2023/8/15 14:00ごろ,台風7号が兵庫県明石市付近に再上陸した。5:00ごろに和歌山県に上陸後,近畿地方を縦断しつつある。中心付近の気圧は985mPa,移動速度は時速15kmで,勢力があまり衰えないまま日本海に抜けることが予想される。
一方,日本海の海水温も高いことから,日本海に抜けた後,再び発達する可能性があり,その進路が北海道に向かうと予測されている。
現時点で,線状降水帯が鳥取県から岡山県の山沿いにかけて発生しているが,茨城県や岩手県でも海岸近くから山沿いにかけて強い雨雲が連続して発生している。線状ではなく,局地的な大雨が予測される。
これまでの台風だと,強風圏や暴風圏として描かれる円が,台風に伴う風雨に見舞われる範囲だった。台風が接近するにつれだんだんと風が強くなり,暴風圏に入れば雨も風も強く,台風の目に入ればいったん風雨は収まり,またしばらくすると風雨が強くなり,だんだんと風雨が弱くなって「台風一過」の晴天となる,というパターンだった。
ところが,地球温暖化から沸騰化へと進むにつれ,こうした台風らしさがなくなってきた。特に,台風から遠く離れた地域でも強い雨雲が現れるようになった。

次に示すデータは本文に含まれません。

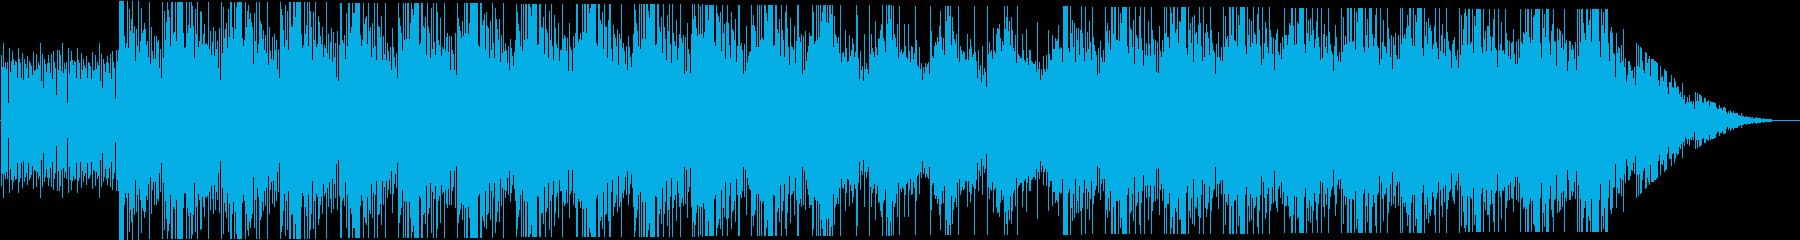 神秘的で繊細な結晶の再生済みの波形

風の流れ×地形×海水温で線状降水帯を予測できるのではという仮説--ノロノロ台風がもたらした線状降水帯 - jeyseni's diary (hatenablog.com) 2023/8/10 と書いたが,台風を中心としたアウターバンド(放射状の雲の渦)だけでなく,線状降水帯がどこでも起きる可能性のある「影響圏」とも言える円を描くことができるように思えた。
図は,再上陸時の風の流れをベースに「影響圏」の円を描いてみたものである。
台風の中心からやや右寄りに膨らんだ巨大な円を描くことができた。この円の周辺から風の強い流れがあり,主に南の海からの湿った空気が台風に巻き込まれる流れの範囲で,記録的短時間大雨情報になるような集中豪雨が起きる可能性があると推定できる。

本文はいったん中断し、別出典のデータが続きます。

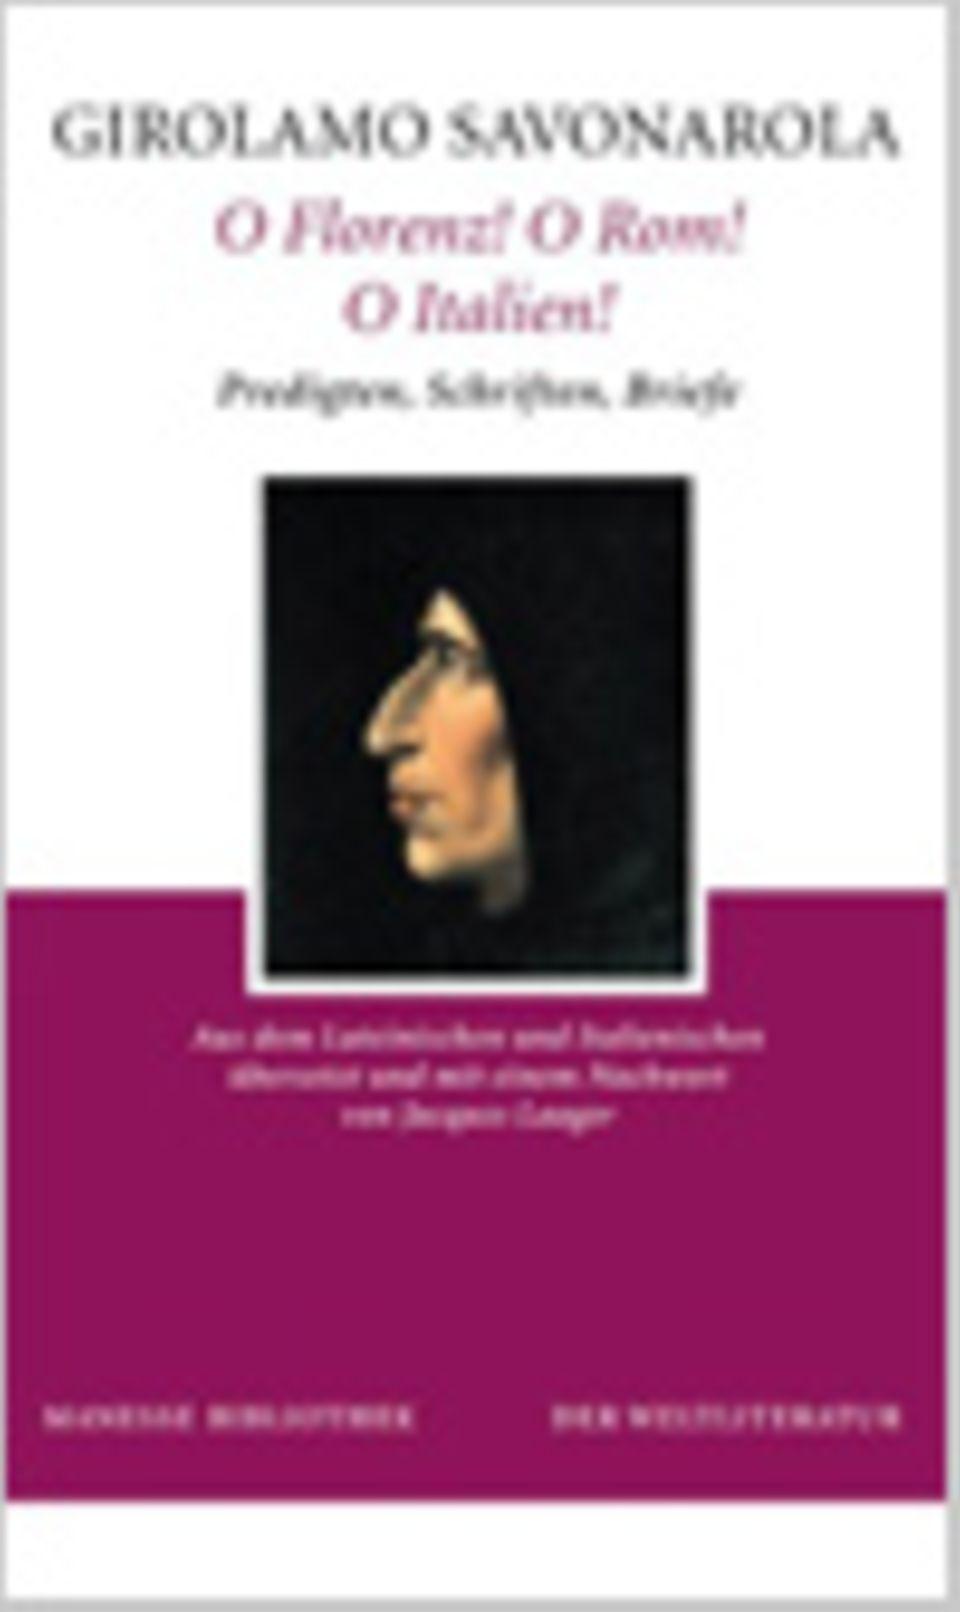 Buchtipps: Die Renaissance in Italien

日本海に抜けた後,発達すれば,次に範囲に入るのは北海道ではないかと推定される。黒潮に沿って湿った空気が北上し,北海道にぶつかるのではないだろうか。
もちろん,西日本から東日本,東北にかけてのエリアも,影響圏から抜けられないので,風雨が残る可能性があると考えられる。
台風を含めて,低気圧による風雨が広域で影響を及ぼすパターンとして,この「影響園」を風の流れから予測できるのではないかと考える。
【追記】新しい観測衛星が2028年に打ち上げられるそうである(台風対策の切り札となる日本の「降水レーダ衛星(PMM)」とは–2028年度に打ち上げへ (msn.com))。こちらも期待したい。